Self-esteem begins with the self.

Precisely what it says on the tin. Start with yourself. Stop comparing yourself to others! It may seem like the grass is greener on the other side, but that is not always the case. You do not know what others are going through beneath the surface. Though they look like they have everything and life is perfect, this isn’t always true. We all have struggles and demons, and often social media acts as a mask to hide them. Focus on what you have and what you want and not on others people.

Self-awareness checklist

When someone asks you what you are good at don’t just dismiss this and say ‘nothing’. Think about your skills and strengths. For a moment forget that anyone else is listening and go for it! Write a CV with all your skills and achievements and watch them grow over time. It’s not big headed to say what you are good at; it’s a great skill to recognise one’s strengths. Over time you will start to recognise your strengths and work on those weaknesses.

Look after yourself

Hygiene and a good diet is a form of self-respect and not looking after your basic needs is negligence. If you love yourself, you will take care of yourself. Shower daily, floss, eat well. Take pride in your appearance. Make sure your clothes are clean, ironed and appropriate. Take time out to relax and let your hair down after a long hard week because you deserve it, Say no and practise assertiveness and do the things that you want to do and take care of you.
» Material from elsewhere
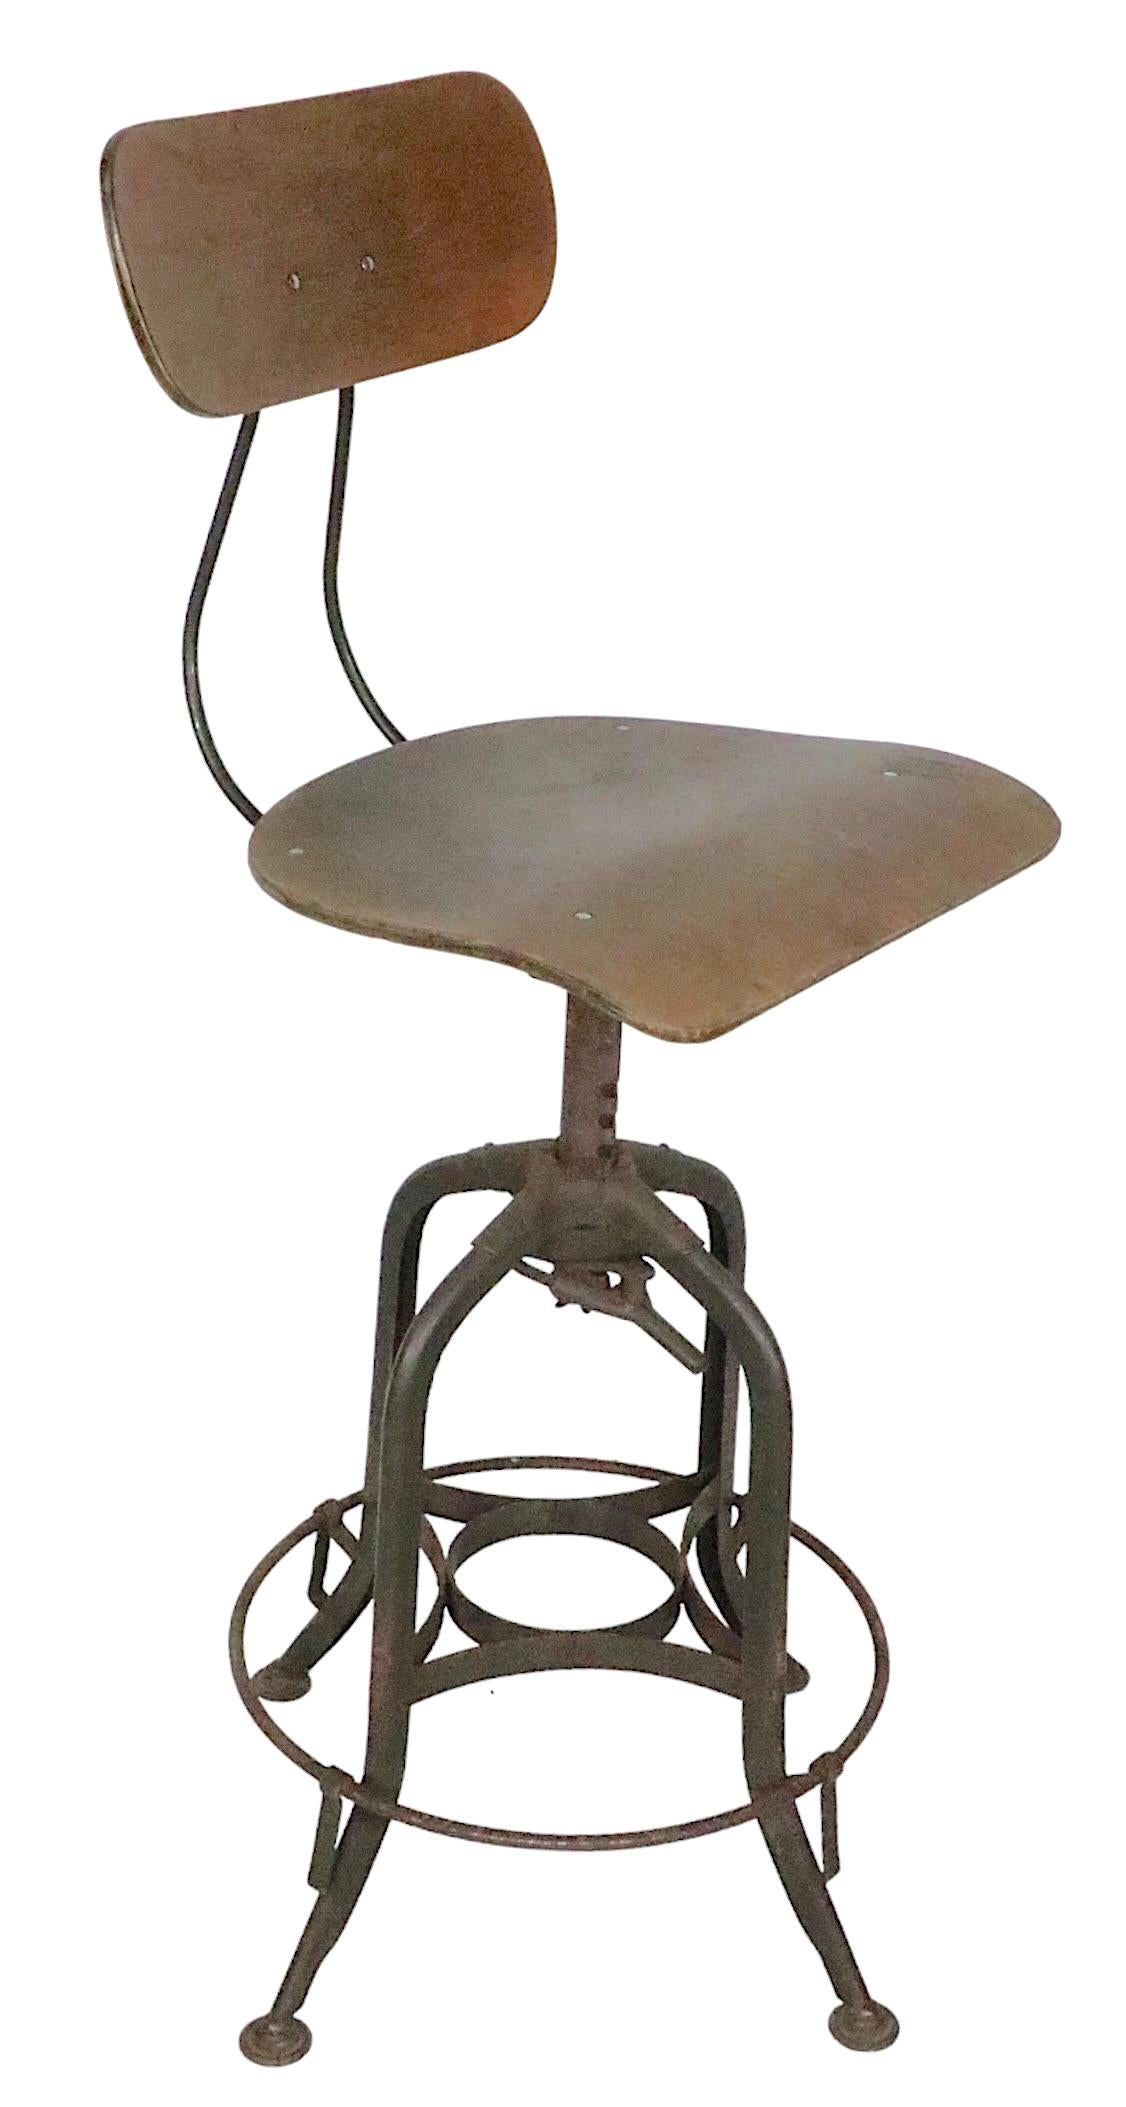 Mid-20th Century Vintage 1930s Industrial Rask Work Drafting Stool by Toledo Furniture Company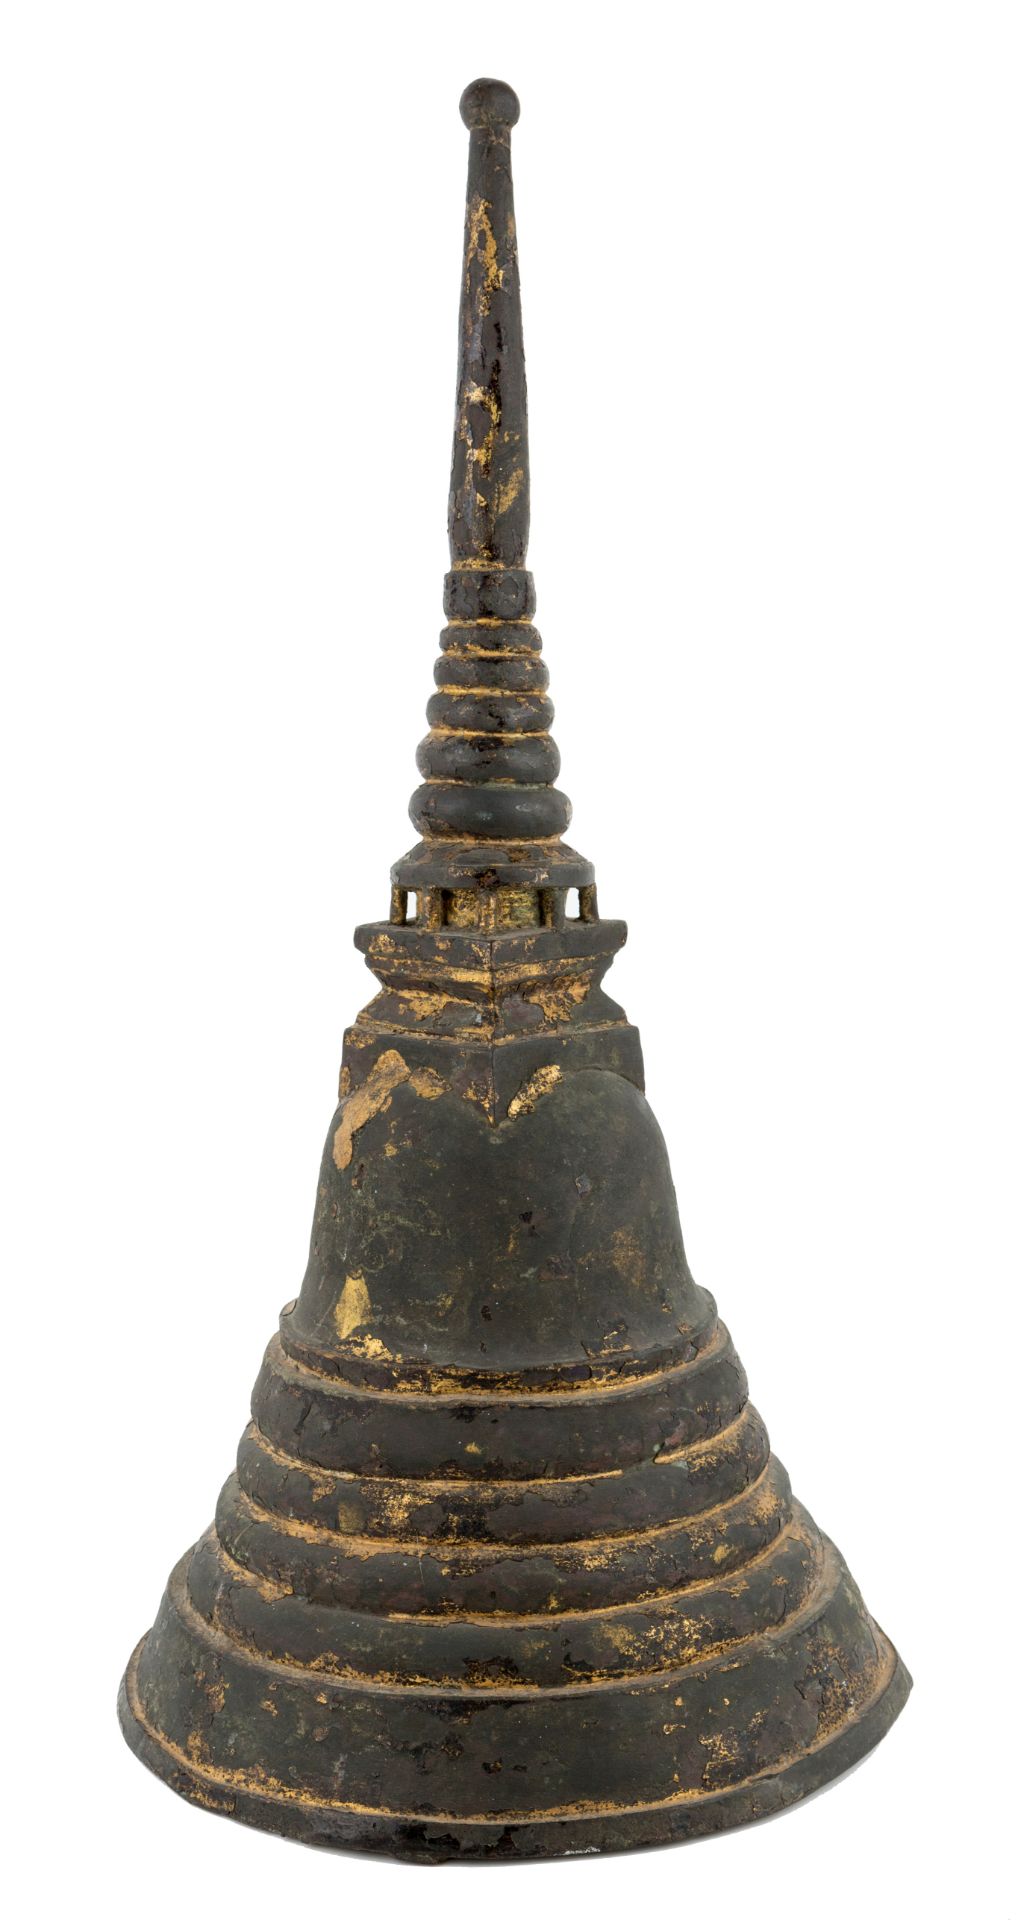 A Thai gilt lacquered bronze stupa, 18th century, of a round bell-shaped form, incorporating colu...

Stop being so tough on yourself!

When you make a mistake or things don’t go to plan, do you feel like punishing yourself? Well, don’t! You are young and still learning, and you are allowed to make mistakes. Simple. View mistakes as learning opportunities and a portal of discovery. Perfection is not a destination. As for bad selfies – there is no such thing. Embrace your flaws and stop putting yourself down.

Accept compliments as gifts

When someone says something nice to you, about you or your personality and skills, accept it graciously, with a thank you! That praise is your gift. It is yours. Keep it, accept it and pass it on. If on the other hand, people put you down, remember that you never know what someone else is going through. Often, this is a projection of the sadness they are feeling inside. So, be strong, be there for them and don’t take the comments personally.

Count those blessings

When life throws you challenges, ask yourself about the simple things you do have. Like food, shelter and love. Life could be so much worse. Cliché I know but you could be living in a war zone. It’s about perspective, so keep a gratitude jar of things that people often take for granted and count those blessings. Life is goo! Keep it real!

Make a contrition

Your place in this world is significant. Make it more purposeful by contributing to your local and broader community. How about volunteering? Joining a club and getting to know people around you? Making connections and networks gives you a sense of purpose and pride. If there is a pearl of wisdom, I could provide you with; it would be this. The people we meet and the experiences we go through open us all up to our future and our journey. You never know in the future how useful these bridges are.

Seek help

If you are struggling with something significant, is there someone you trust you can approach and report it too? This could be a teacher, GP or local community figure. Help is out there so; please seek a support network.

Reena Jaisiah is a health and lifestyle writer from the Midlands with a background in holistic health and creative arts. Reena full-time job is with vulnerable young people. Most of her spare time is dedicated to organic food, making natural remedies and cosmetics.